Il grafene entra in sala operatoria contro i super-batteri

Ricercatori italiani studiano l'applicazione di un idrogel antimicrobico a ferri chirurgici e protesi

La lotta ai super-batteri si fa anche in sala operatoria. Per esempio rivestendo i ferri chirurgici e le protesi con sostanze antimicrobiche. Una di queste è l’ossido di grafene le cui proprietà sono state sperimentate da un gruppo di ricercatori del Consiglio nazionale delle ricerche (Isc-Cnr), dell’Università Cattolica del Sacro Cuore di Roma, dell’Università Sapienza di Roma e dell’Università degli Studi dell’Aquila.
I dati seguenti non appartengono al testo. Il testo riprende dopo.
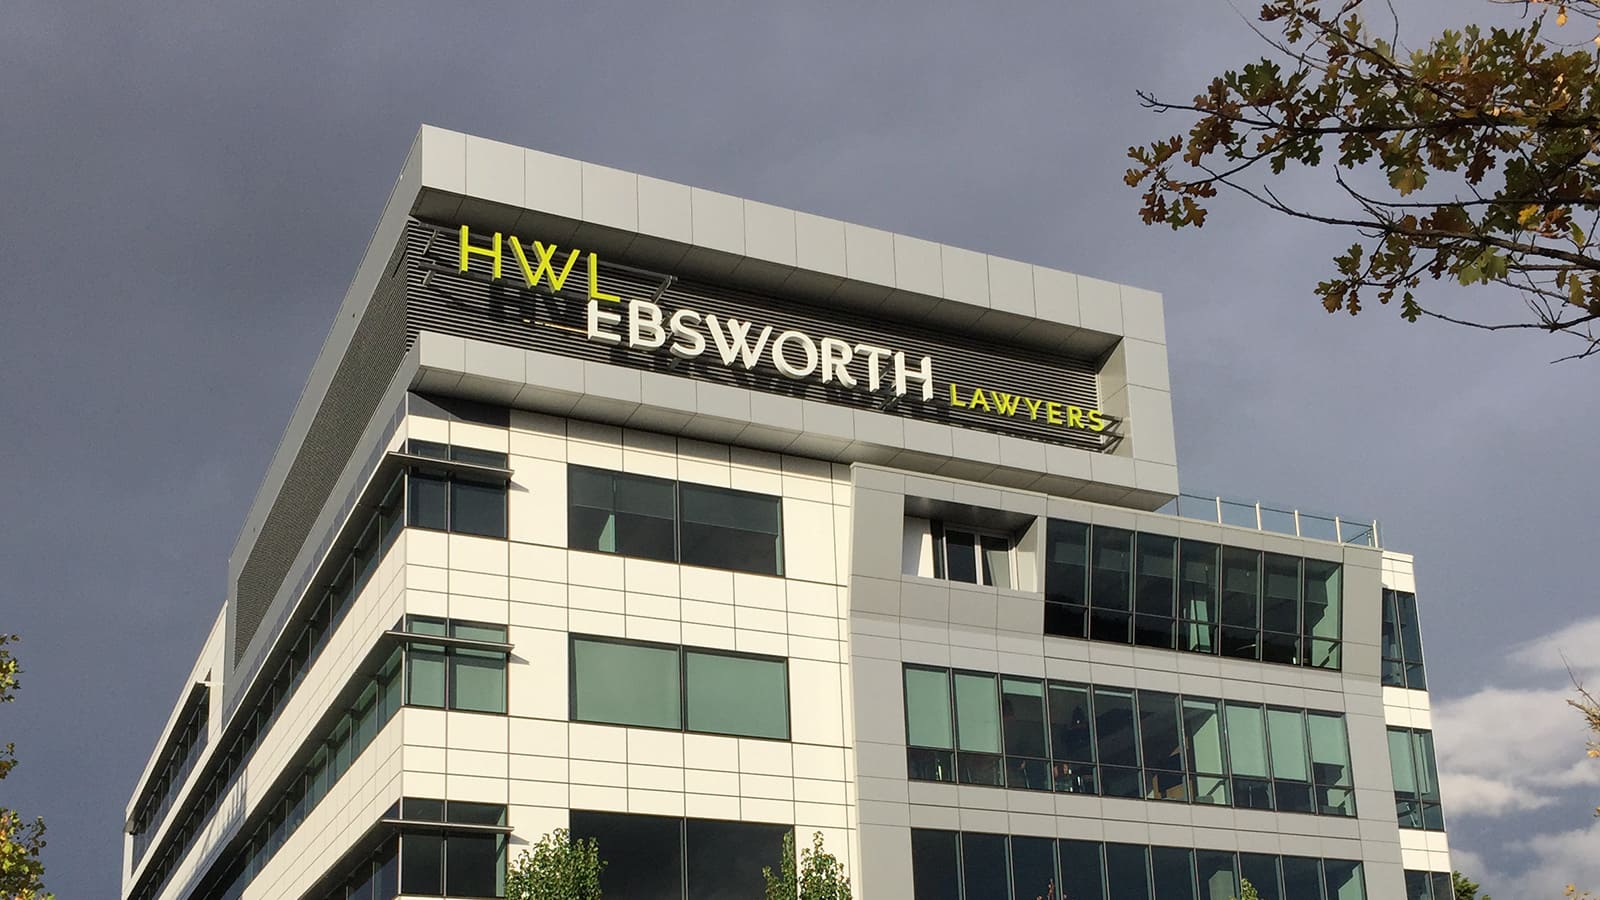 building-id-hwl-ebsworth

Gli scienziati hanno pubblicato un lavoro sulla rivista Scientific Reports che prende le mosse dagli allarmanti dati sull’antibiotico-resistenza (400 mila persone infettate in Europa dal 2009 a oggi). “Abbiamo realizzato un rivestimento con un idrogel a base di ossido di grafene – spiega Massimiliano Papi dell’Università Cattolica – la cui azione antibatterica è dovuta alla struttura in fogli, in grado di tagliare la membrana della cellula batterica o di avvolgerne la superficie, contrastando così lo sviluppo di batteri resistenti ai farmaci”.